The Great Leap is the perfect expression of Mao's mind and beliefs, his daring and romanticism. He waits for the results anxiously. At the beginning there is praise for his vision, but two years later come reports of violence breaking out between poor and rich. Looting for food and shelter has become a problem. Before autumn the stir becomes so serious that it begins to threaten security. Everything is consumed, including the planting seeds for next spring, while nothing is produced. The nation's last storage is empty. Mao begins to feel the pressure. He begins to realize that running a country is not like winning a guerrilla war.

1959 begins with floods and is followed by drought. A sense of desperation falls across the land. Despite Mao's call to fight the disaster- It is man's will, not heaven, that decides -hundreds and thousands of peasants flee their hometowns in search of food. Along the coastline many of them are forced to sell their children and some poison their entire families to end the despair. By winter, the number of deaths rises to twenty million. Reports have piled up on the desk of Premier Zhou's office.

Mao is more embarrassed than worried. He remembers how determined he was to make his plan a reality. He has issued instructions:

"Race toward Communism"

"Demolish family structure"

"One rice bowl, one pair of chopsticks, one set of blankets- the style of Communism"

"One hectare, ten thousand pounds of yams, two hundred thousand pounds of rice"

"Mate rabbit with cow so the rabbit will get as big as the cow"

"Raise chickens as big as elephants"

"Grow beans as big as the moon and eggplants big as squashes"

In June, peasants' riots rise in Shanxi and Anhui provinces. The Politburo calls a vote to stop Mao's policy.

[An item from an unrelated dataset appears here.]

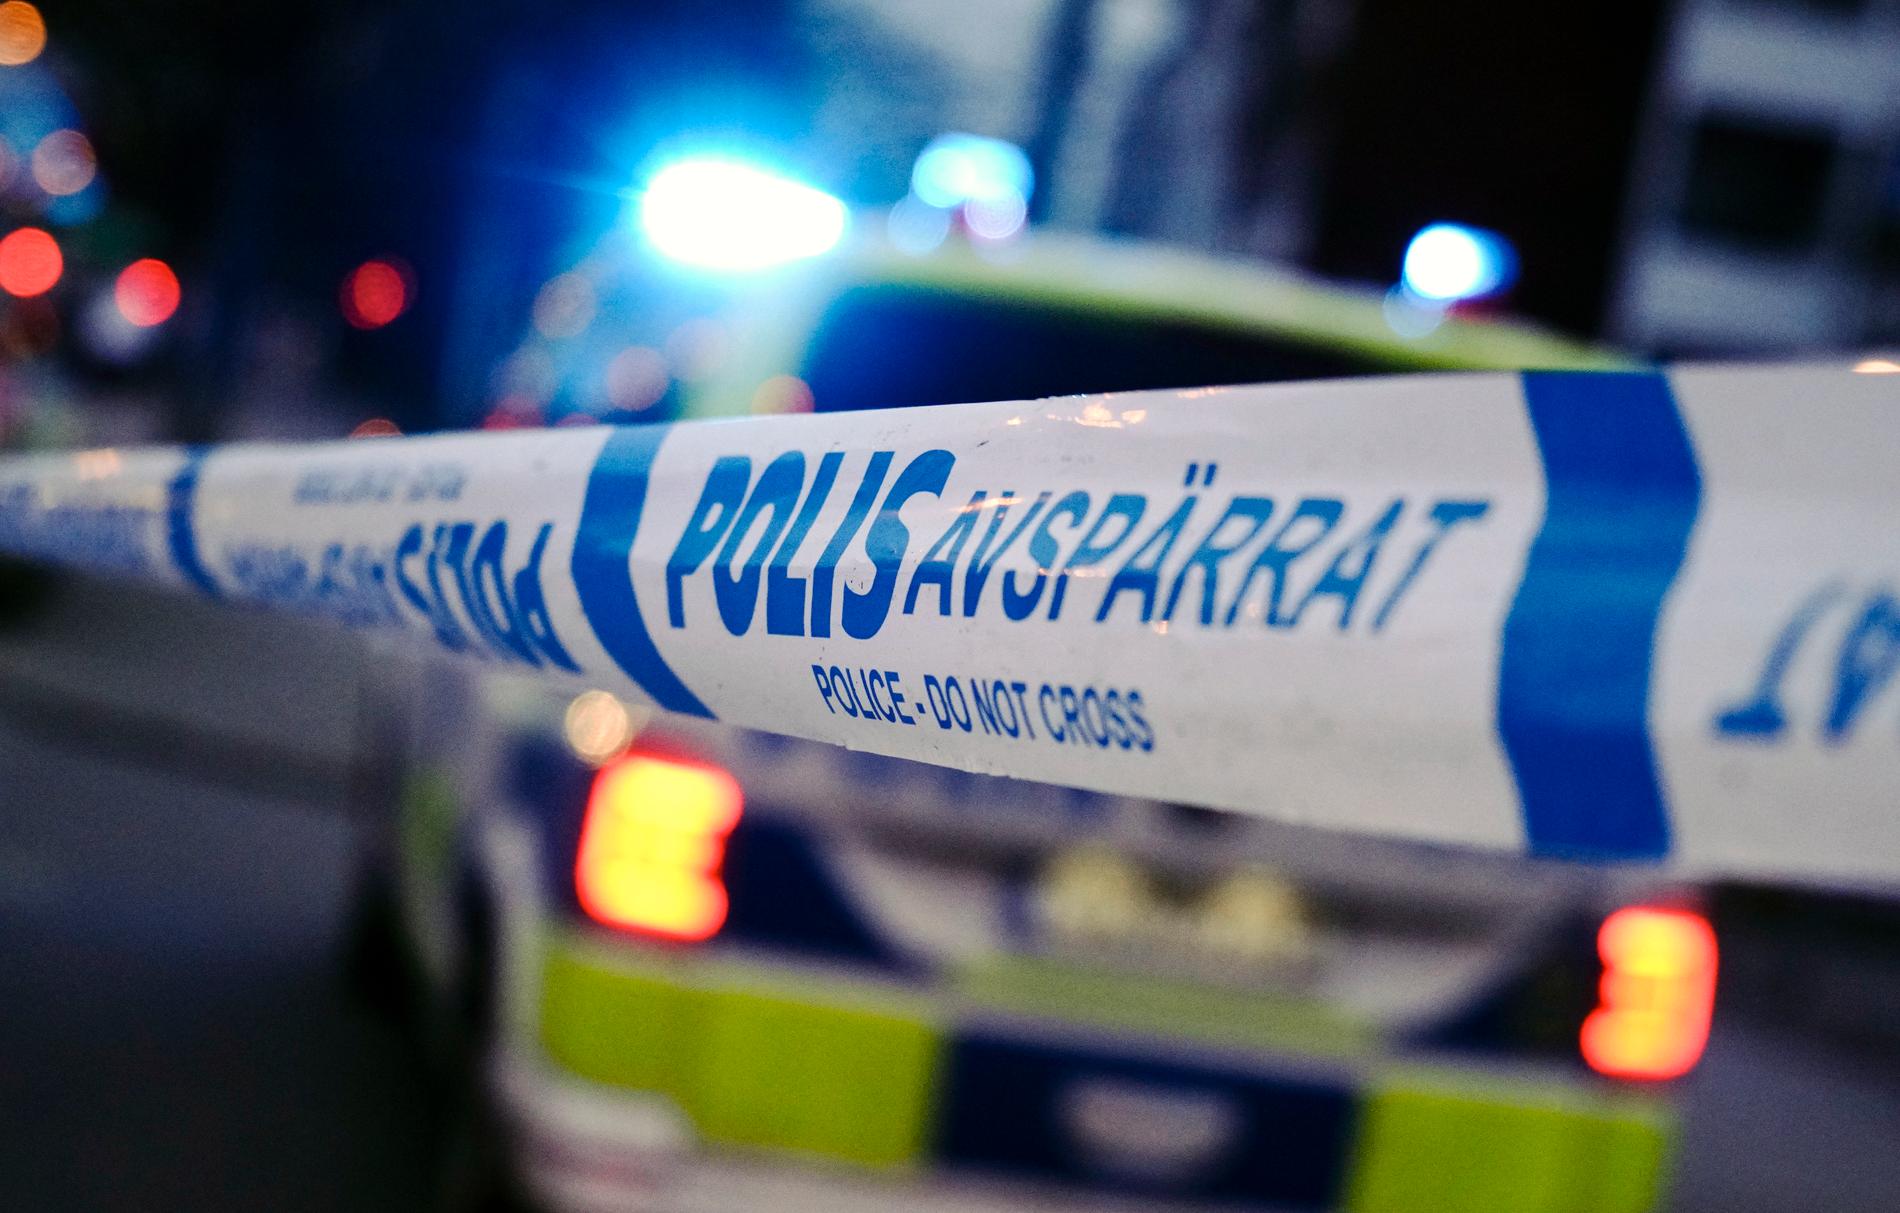 En man i 40-årsåldern har anhållits efter misstänkt våldsbrott i Gävle. Arkivbild.

Mao retreats for the next six months.

My husband has fallen from the clouds. I have only seen him once in three months. He looks low and distressed. Nah tells me that he sees no one. No more actresses. The news fills me with mixed feelings. Of course, I am hopeful that he may reach out to me. But I am also surprised and even saddened-I have never imagined that he could be vulnerable.

Late one evening Kang Sheng visits my place unexpectedly. Mao is in need of you, he tells me excitedly. The Chairman's reputation has been terribly damaged. His enemies are now taking advantage of his error and are setting out to overthrow him.

I take a sip of the chrysanthemum tea. It has never tasted so wonderful as it does now.

I begin to see a way in which I can help Mao. I become so excited with the thought that I neglect Kang Sheng's presence. I see printing machines rolling, voices broadcasting and films projecting. I feel the power of the media. The way it washes and bleaches minds. I can feel the coming success. There is energy going through my body. I am about to enter an act leading to the climax of my life.

Trying to share the pleasure of finding a great role, I explain to Kang Sheng how I feel. But he has fallen asleep on the sofa.